‘Nonsense on Stilts’ — Davos Dream

The creator of the World Economic Forum, Klaus Schwab, is obsessed with a conformist vision of global governance.

World Economic Forum via Wikimedia Commons
Klaus Schwab at the World Economic Forum at Davos, Switzerland, on January 27, 2007. World Economic Forum via Wikimedia Commons

At the G20 meeting in Indonesia, as President Biden and Chinese leader Xi Jinping wasted their time talking about global warming, a subject the People’s Republic does not take seriously, instead of the origins of COVID or the status of Taiwan, to my utter astonishment, the face and voice of the “Great Reset” appeared.

This is the jargon for the readjustment in the world towards so-called stakeholder capitalism that is the ambition of the conveners of the World Economic Forum. The forum began in 1971 as a conference where a few political leaders and celebrities from different industries and activities gathered and the occasion was paid for by admission fees happily tendered by a selection of prosperous people from different countries who wished to rub shoulders with the prominent featured guests.

It was a winning commercial formula, and it grew and grew. It never moved to a more commodious and stylish place than the dreary and remote Swiss town of Davos. It is now a virtual world’s fair of global political, industrial, and even cultural leaders, surrounded by wealthy and eager camp-followers attracted to “networking.”

Davos was the creation, and remains the fiefdom, of a pleasant but not rollickingly gregarious German-Swiss, Klaus Schwab. He has always claimed that his objective is entirely to further international and interdisciplinary understanding, with no ulterior motive and not the slightest interest in self-enrichment, just selfless and tireless efforts to promote human understanding and the inexorable progress towards a better world.
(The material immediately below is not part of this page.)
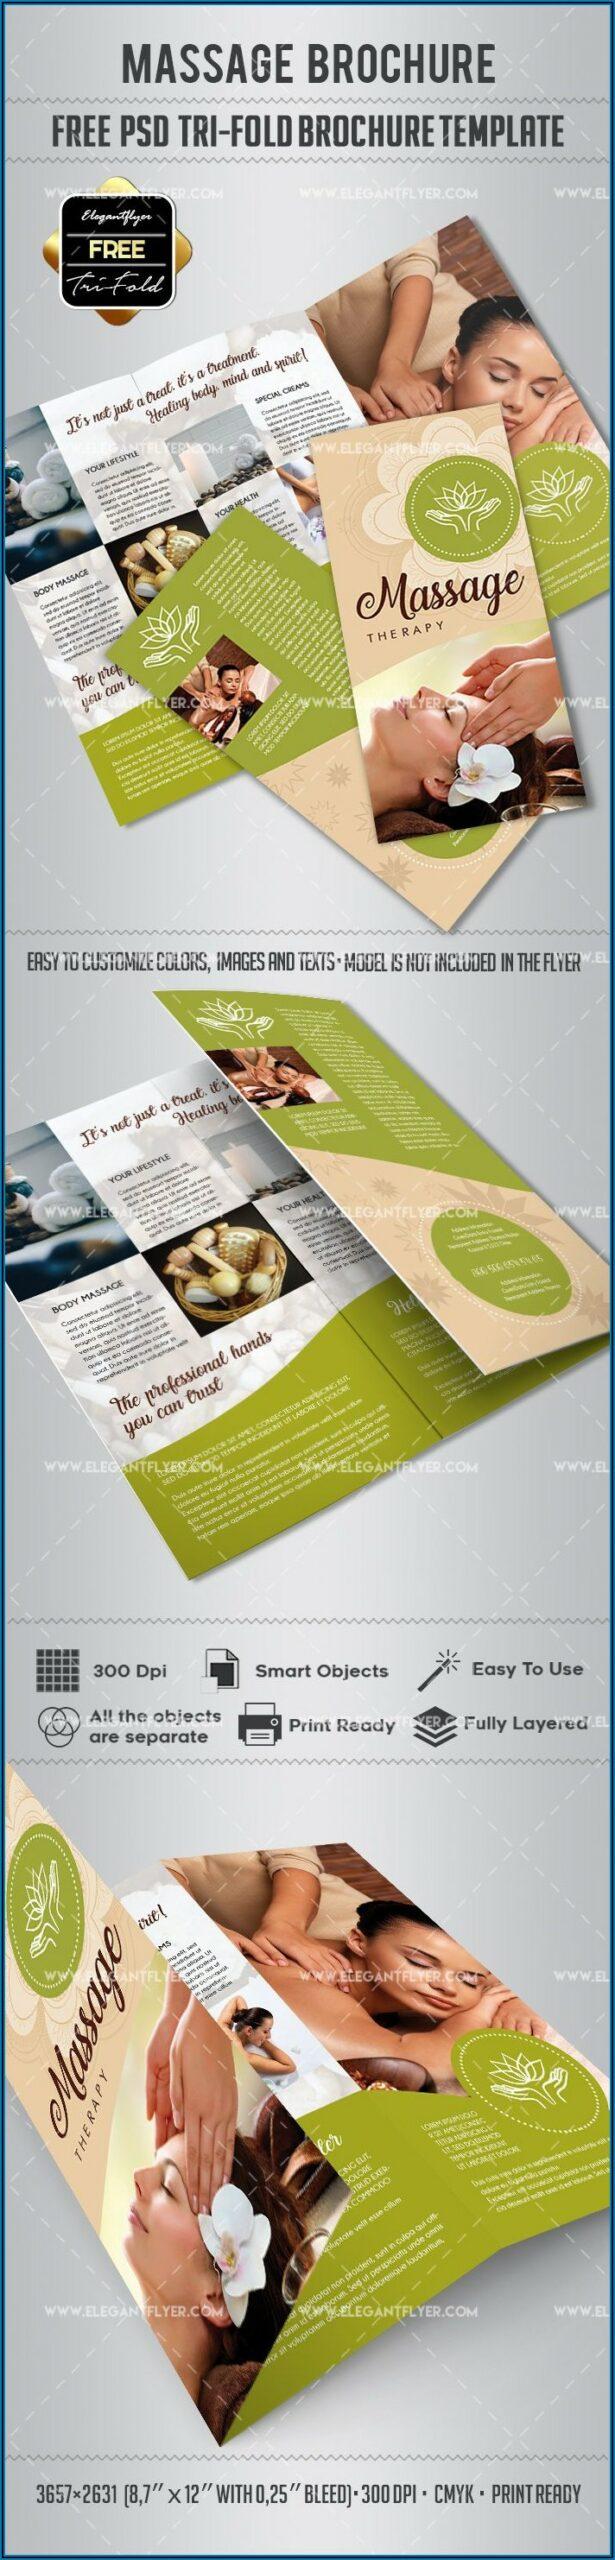 Massage Brochure Template Free
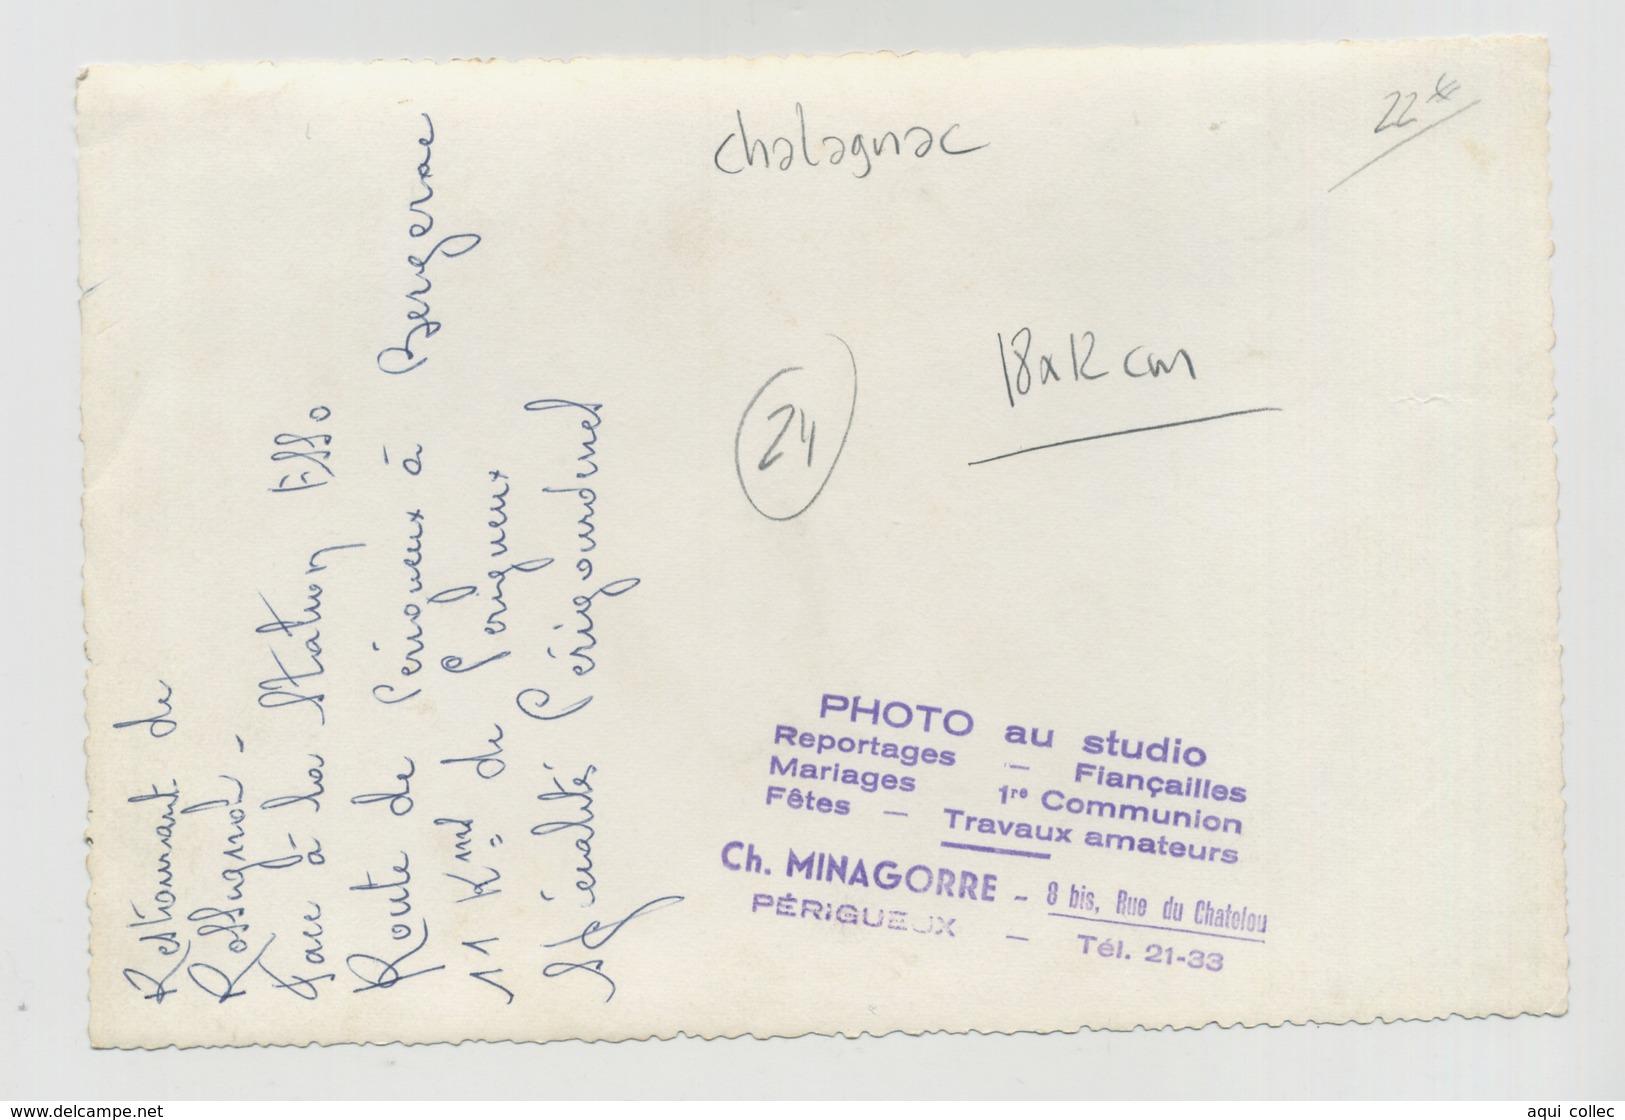 CHALAGNAC   24 PERIGORD DORDOGNE  PHOTO 18*12 CM  RESTAURANT ROSSIGNOL - France

As one who attended for 20 years — and, following the controversial death of Bob Maxwell, was co-leader (with the late Lord Rothermere) of the World Economic Forum media group — I found the sessions interesting and informative, and sometimes even entertaining. (On one occasion, I was speaking with the doyen of conferenciers, State Secretary Kissinger; when someone approached, Mr. Kissinger said, “Here comes that goddamn Indian.” I remarked that he was quoting General Custer; the networker turned out to be the prime minister of India.)

Mr. Schwab thought the leaders of the international organizations he featured at Davos — the European Union, the World Bank, the United Nations, World Court, World Trade Organization, and all their affiliated agencies — should play an increasingly important role to implement his vision of universal supranationalism.

As the Cold War ended, and the international left presciently clambered aboard the accelerating bandwagon of environmentalism to attack capitalism from a different direction in the name of saving the planet, Mr. Schwab became a fully paid up advocate of the most comprehensive version of the virtues of global governance.

This evolution rushed back to me these last days as I watched Mr. Schwab at the G20 meeting, as part of the Business-20 portion of the summit, with his heavy Teutonic accent that sounds like the Marx brothers imitating Kaiser Wilhelm, advising the world’s 20 most prominent political leaders that the Davos reset of a universal, heavily regulated, post-national, post-religious world of synchronized egalitarian toiling was inevitable and infinitely desirable.

For a moment I wondered, in Margaret Thatcher’s phrase, “Do my ears deceive me?” They did not.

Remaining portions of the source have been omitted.